The problem: All lines below must be repeated exactly, with the pictures omitted.

START Dataset section

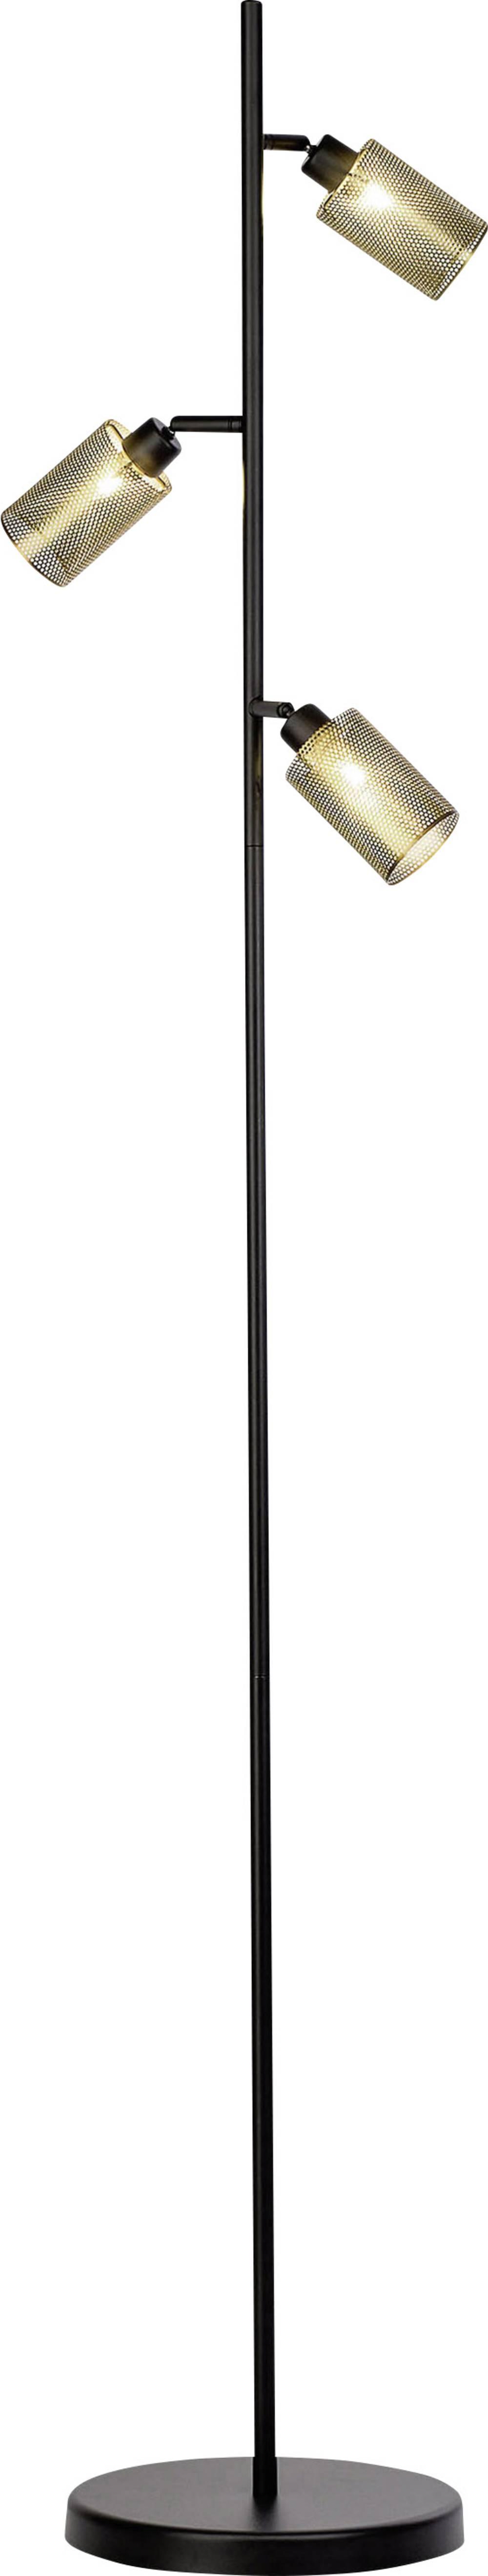 lampada a stelo led g9 60 w brilliant mesh 99014/76 in vendita
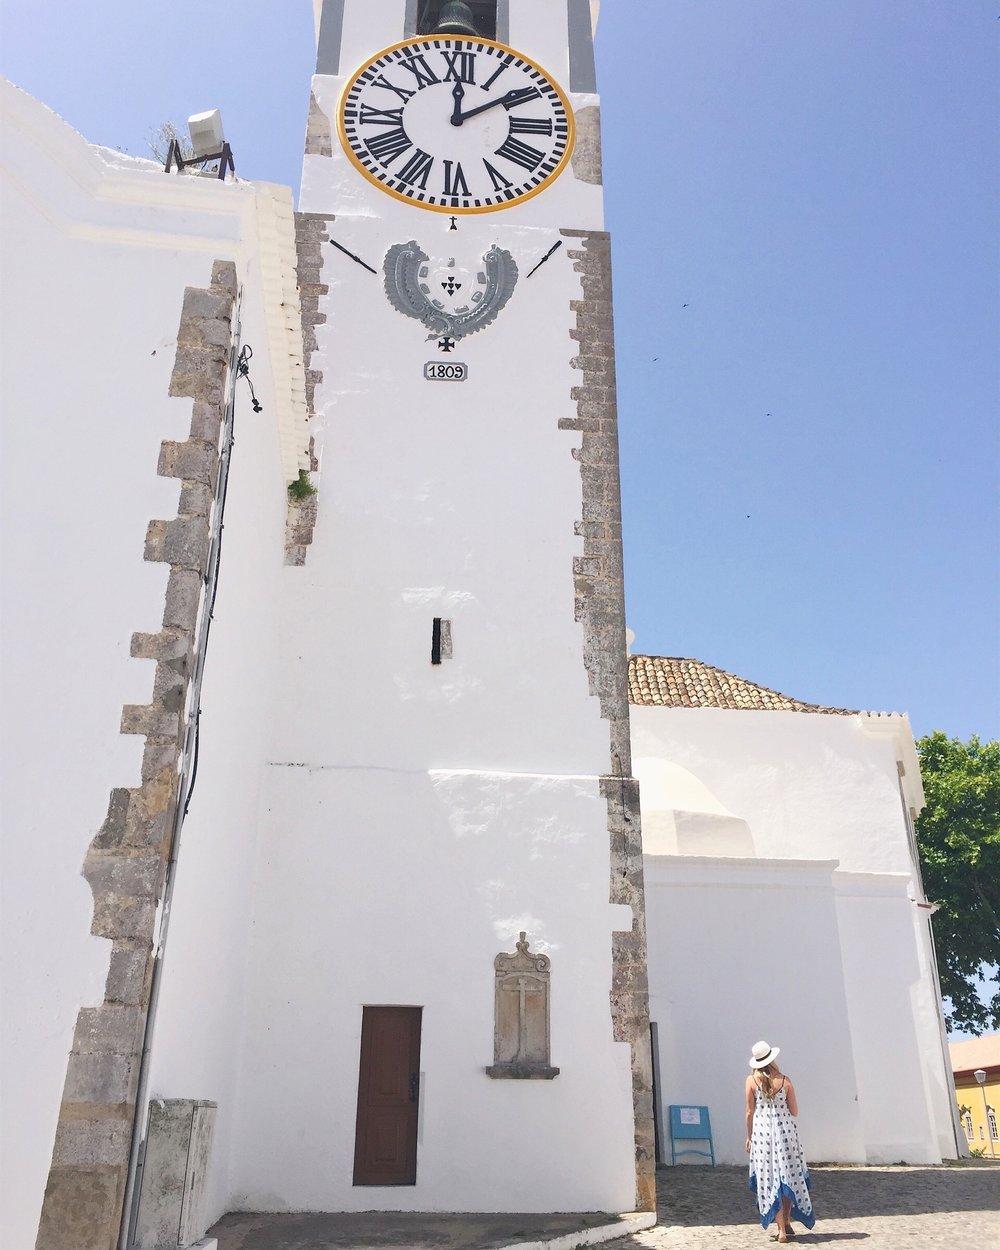 Exploring the streets of Tavira, Portugal
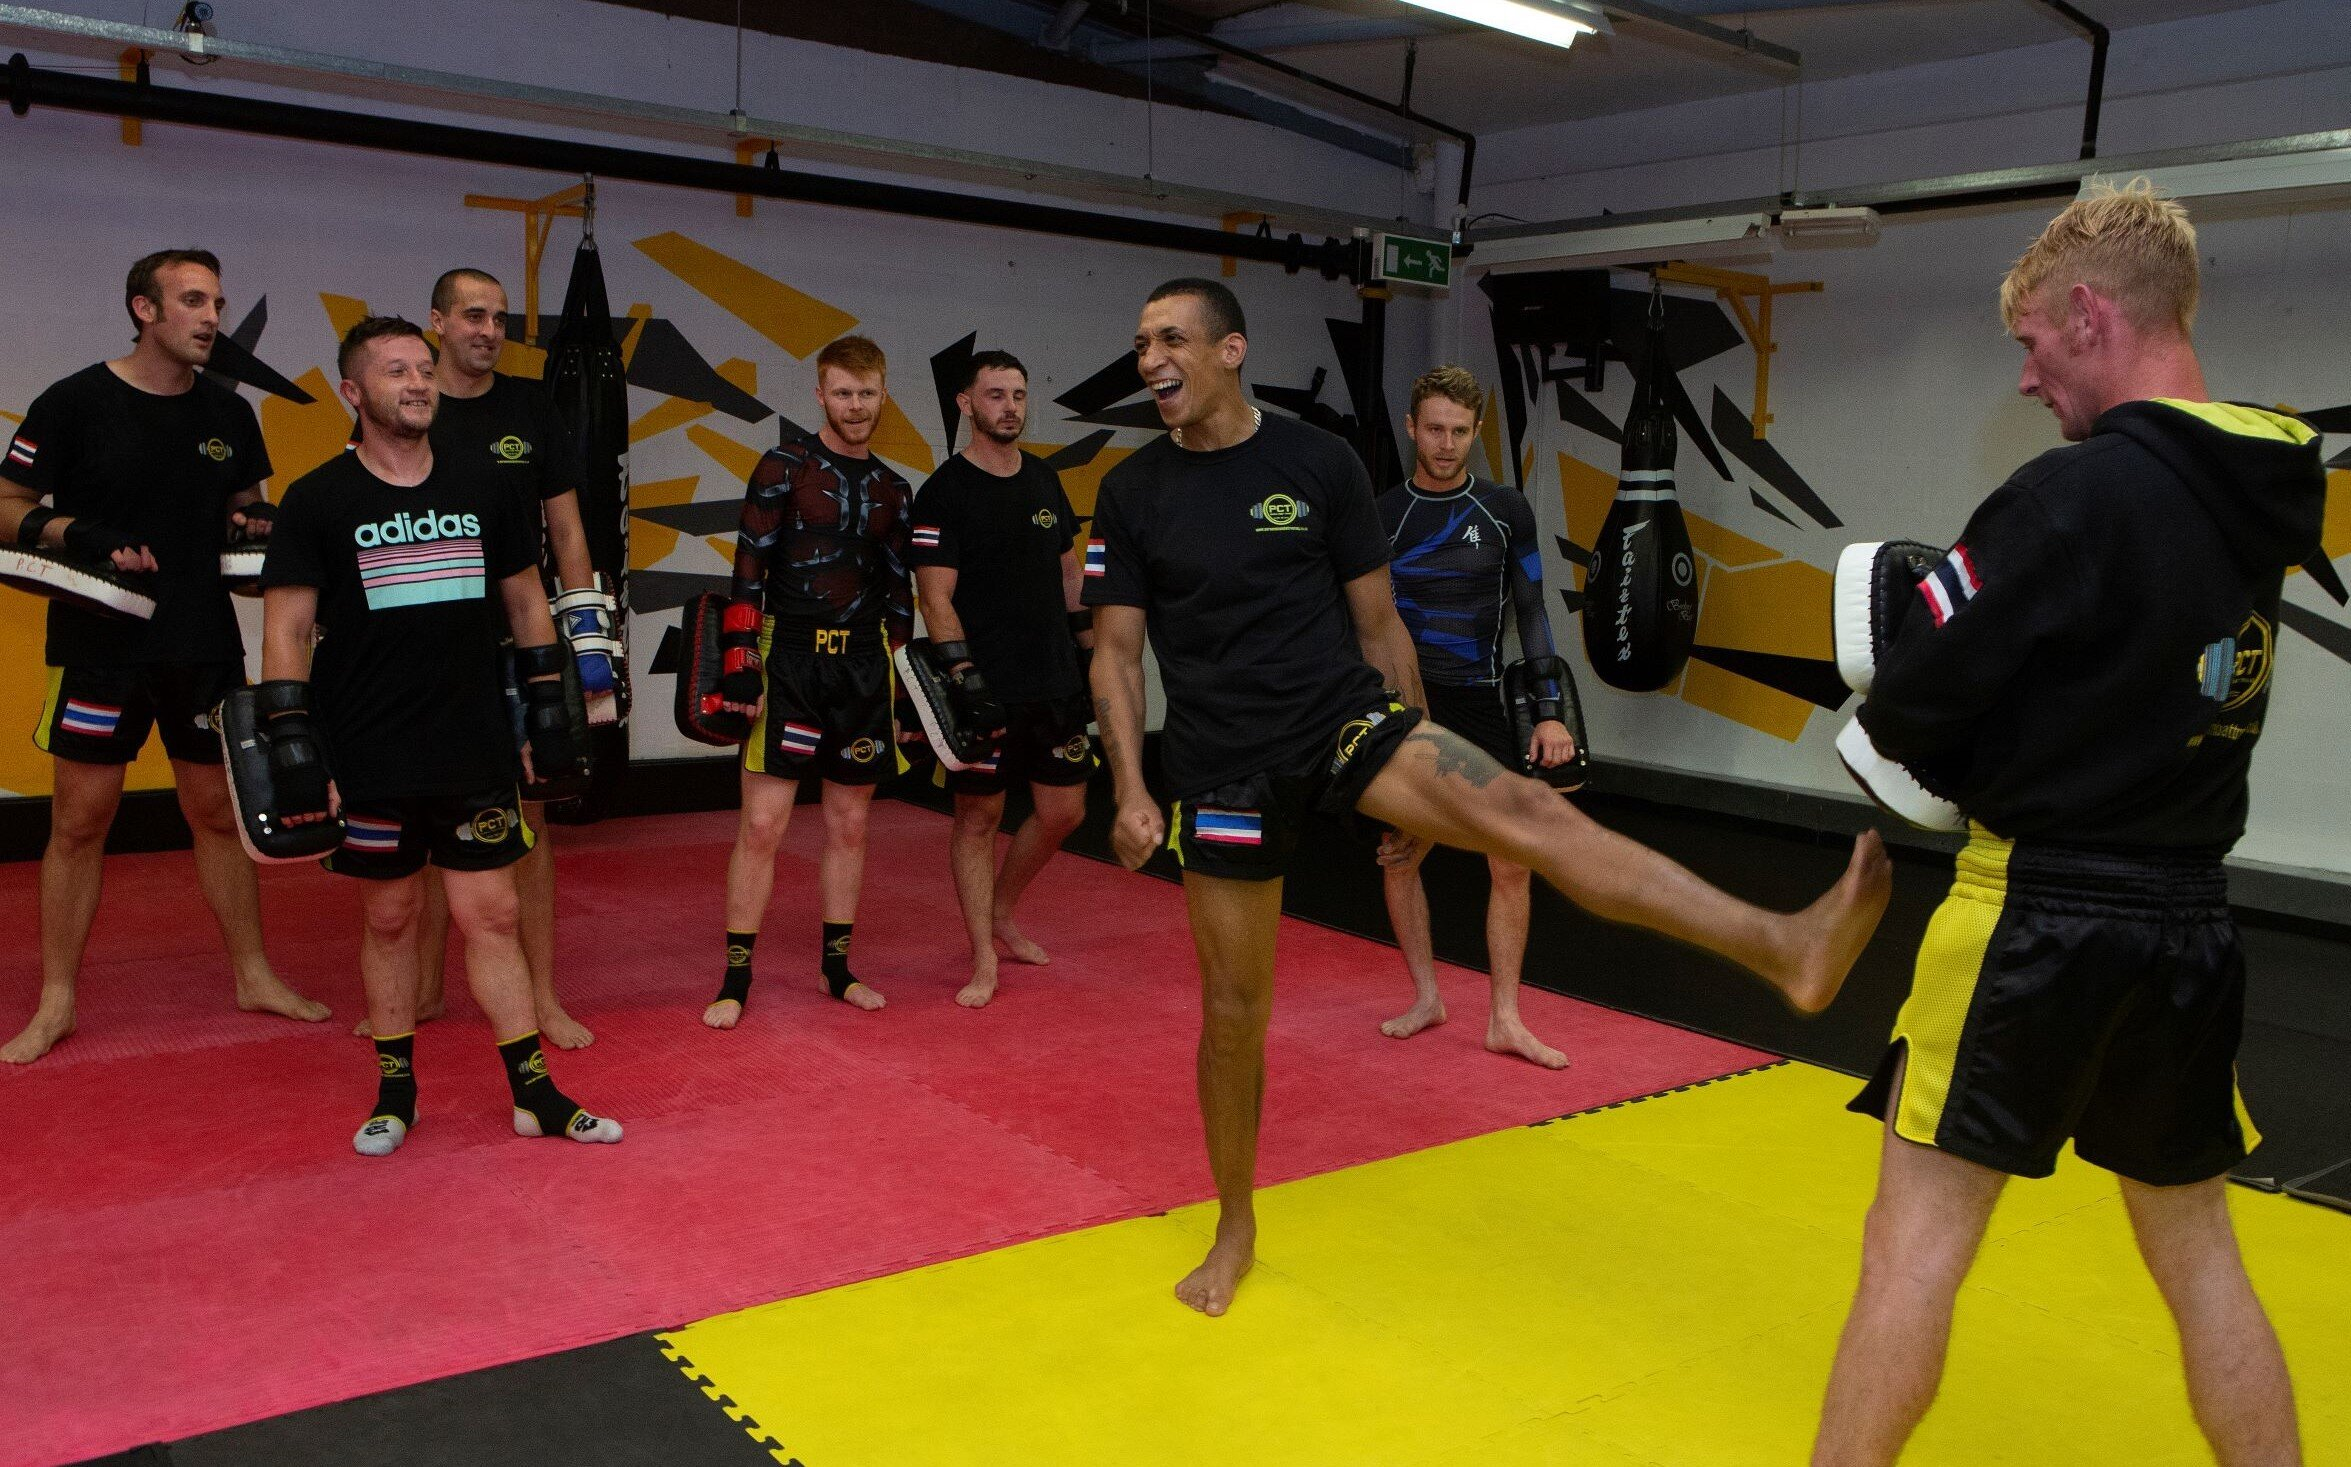 Sky leg laugh crop.jpg

END Dataset section

Solved exercise:
 lampada a stelo led g9 60 w brilliant mesh 99014/76 in vendita
 Exploring the streets of Tavira, Portugal
 Sky leg laugh crop.jpg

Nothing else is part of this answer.